According to Stuart N. Clarke, Woolf acknowledged  receipt of a copy of The Age of Innocence in an uncollected letter to publishers Messrs Appleton & Co. on 18 Nov 1920. The letter was published in the January 2011 edition of the Virginia Woolf Bulletin. In that issue’s accompanying note, Stephen Barkway discusses Woolf’s published comments on Wharton  and Wharton’s irritation.

3. Review of Arctic Summer by Damon Galgut, a fictional biography of E.M. Forster in the Washington Post, Sept. 18, 2014, that includes “lightly fictionalized” accounts of meetings with Virginia and Leonard Woolf.

4. London photos: Virginia Woolf’s Mrs Dalloway book bench on the Flickfilosopher blog, Sept. 18, 2014. For more, see Close-up views of the Mrs.

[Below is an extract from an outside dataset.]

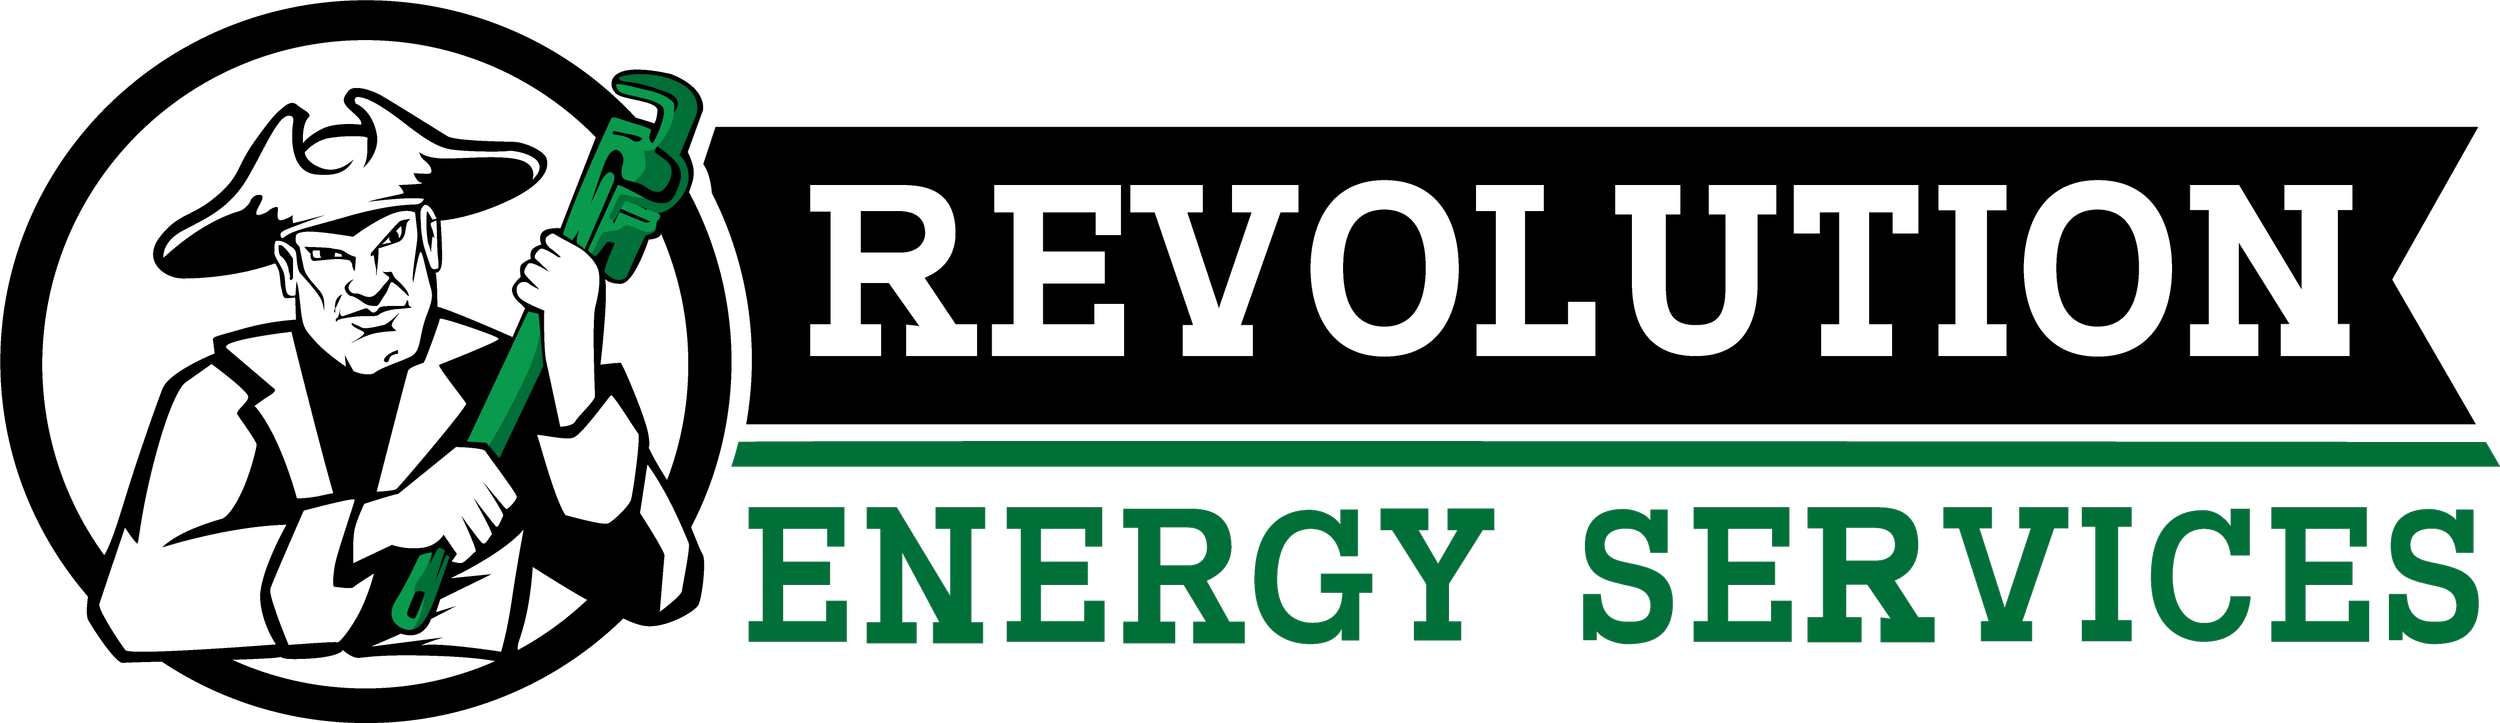 Revolution Energy Services logo.png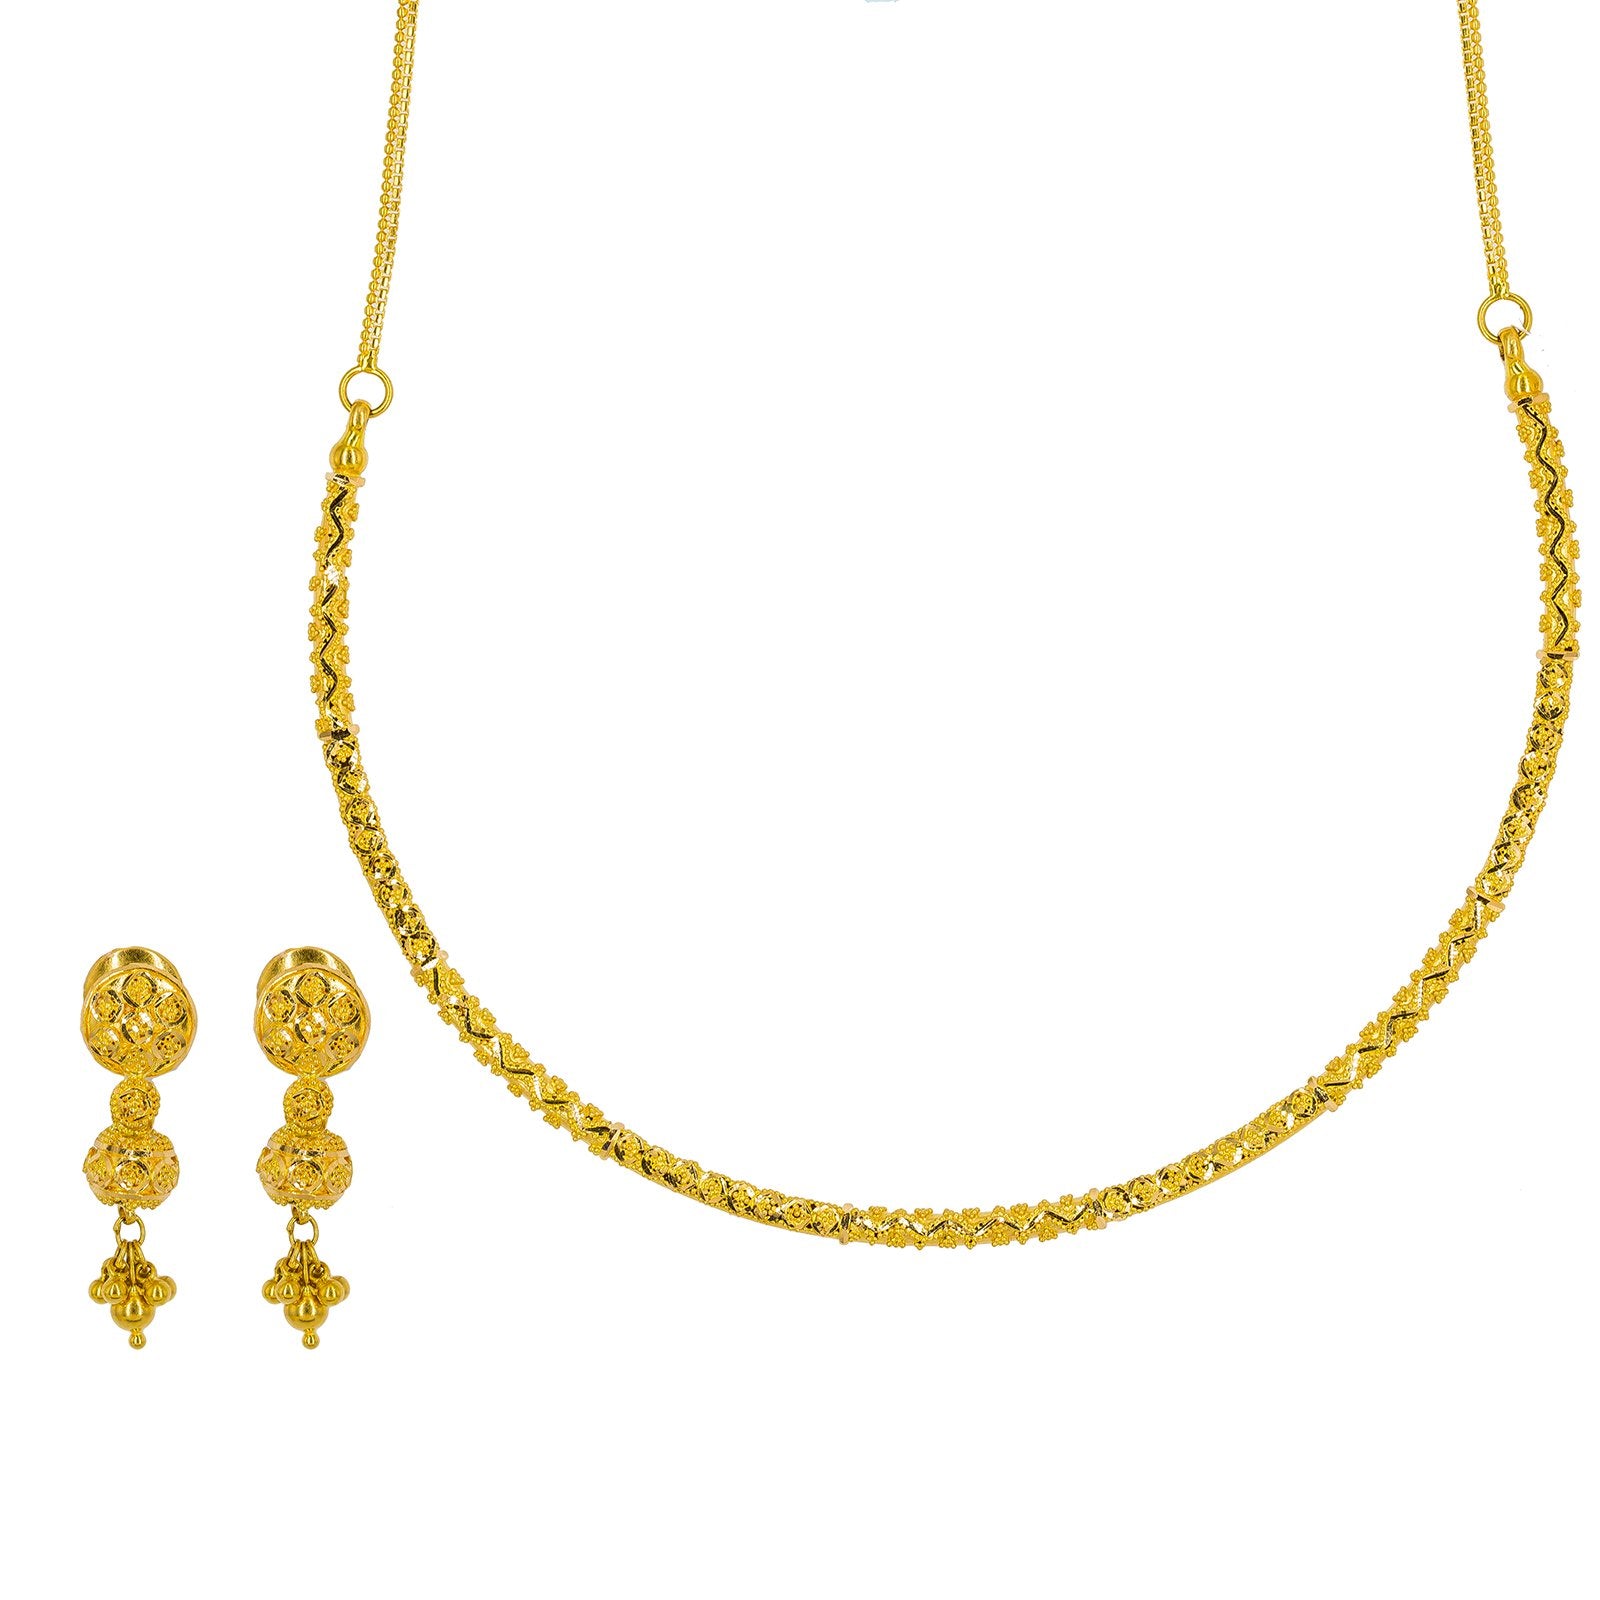 Asian Women Bridal Fashion Jewelry Ethnic 22k Gold Plated Necklace Earrings  Set | eBay

Dalloway bench and This summer, take a seat on the Mrs. Dalloway bench

5. Professor’s new book explores theories of place in the Bowdoin Orient, Sept. 12, 2014. The People, Place, and Space Reader, a new anthology dedicated to scholars writing about the ways in which people inhabit the space around them, includes an excerpt from A Room of One’s Own.